Memory in Motion: The Art of Fa Razavi

Love London Gallery is excited to profile Fa Razavi (b. 1996, Bushehr, Iran), a multidisciplinary artist based in London whose poetic yet politically resonant work explores memory, identity, and displacement. Her personal history, shaped by both migration and cultural inheritance, weaves through her practice with delicate precision and a defiant sense of agency.

Trained in graphic design and sculpture in Tehran before earning a BA in Fine Art from Middlesex University, Razavi’s approach is as fluid as it is intentional. Her installations, paintings, and performances oscillate between the intimate and the universal , inviting us to consider what we carry with us and what gets left behind.

In Opera Rose (Palo Gallery, New York, 2025), her work unfurled like a visual diary , raw, dreamlike, and cinematic. With Snakes and Ladders at The Bomb Factory, London, she moved between nostalgia and confrontation, examining the uneven terrain of belonging. Nothing to Be Shown (Hoxton Gallery) offered a reflection on silence and erasure, while Dancing on a Knife’s Edge (Wilder Gallery) balanced danger and grace in equal measure.

Across these projects, Razavi is not just chronicling her experience but creating portals through which others can engage with the complexities of migration, femininity, and historical memory. Her work often features recurring motifs : textiles, mirrors, borders, symbolic gestures that act as both artefacts and metaphors. There is often a tactile quality to her installations, an echo of domesticity, ritual, and the body.
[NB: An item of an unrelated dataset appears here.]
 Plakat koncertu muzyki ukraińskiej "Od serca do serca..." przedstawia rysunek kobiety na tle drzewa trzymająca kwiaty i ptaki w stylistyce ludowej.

In 2022, Razavi was awarded the prestigious Freelands Painting Prize, an acknowledgment of her commitment to visual storytelling that is both deeply personal and globally resonant. Her voice is part of a new generation of artists who understand that tenderness and resistance are not mutually exclusive.
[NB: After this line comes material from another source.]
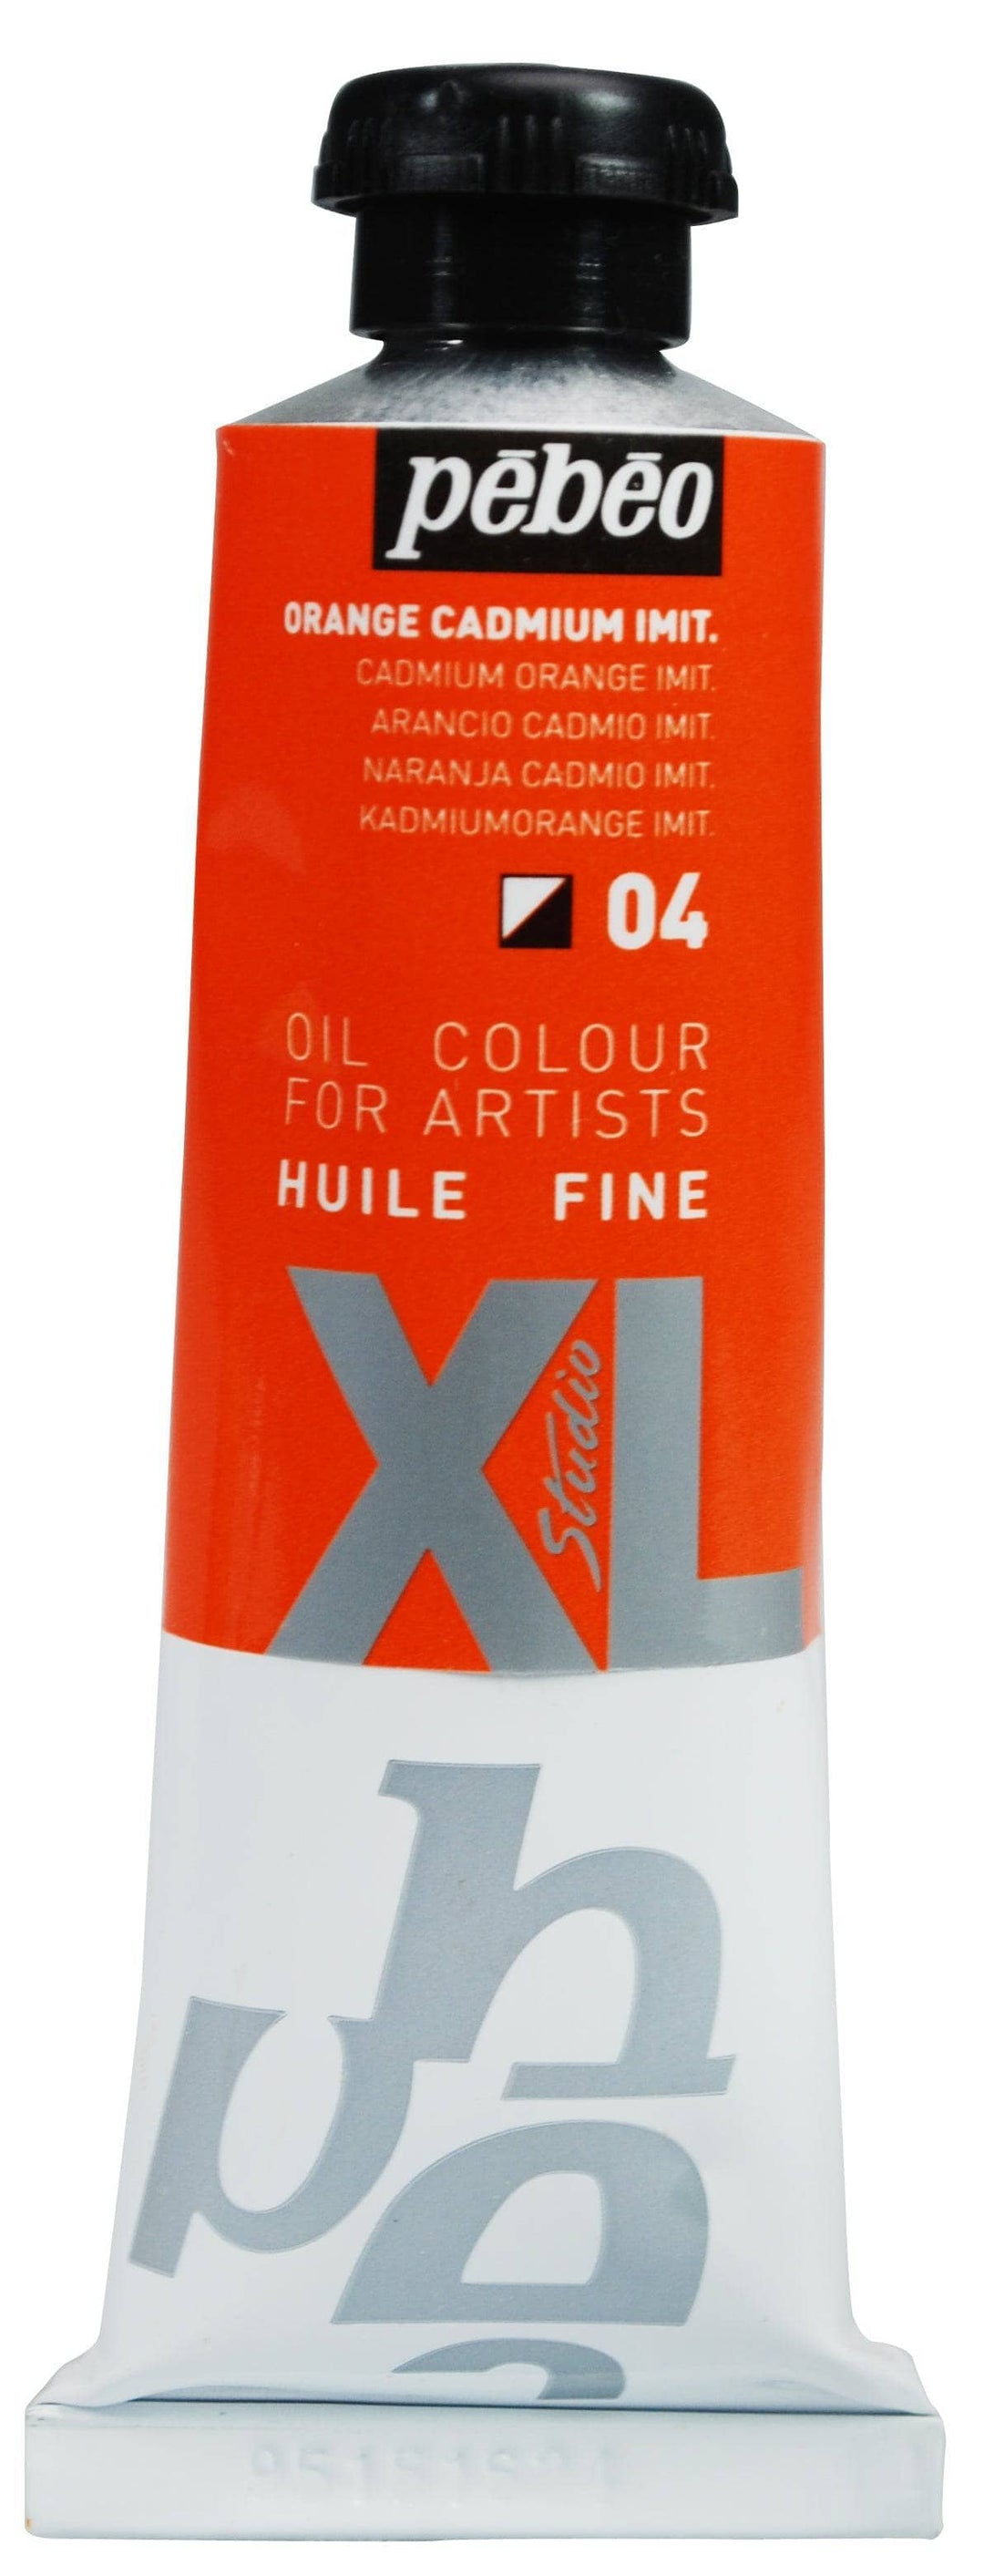 Huile fine Studio XL 37ml - Orange Cadmium Imit.
PB937004

By centring her lived experience while expanding its resonance to broader geopolitical and emotional landscapes, Razavi offers us work that is as much about looking inward as it is about reaching across borders.

As her practice continues to evolve, one thing remains constant: Fa Razavi does not ask for permission to be seen. She simply insists on presence: layered, luminous, and undeniably powerful.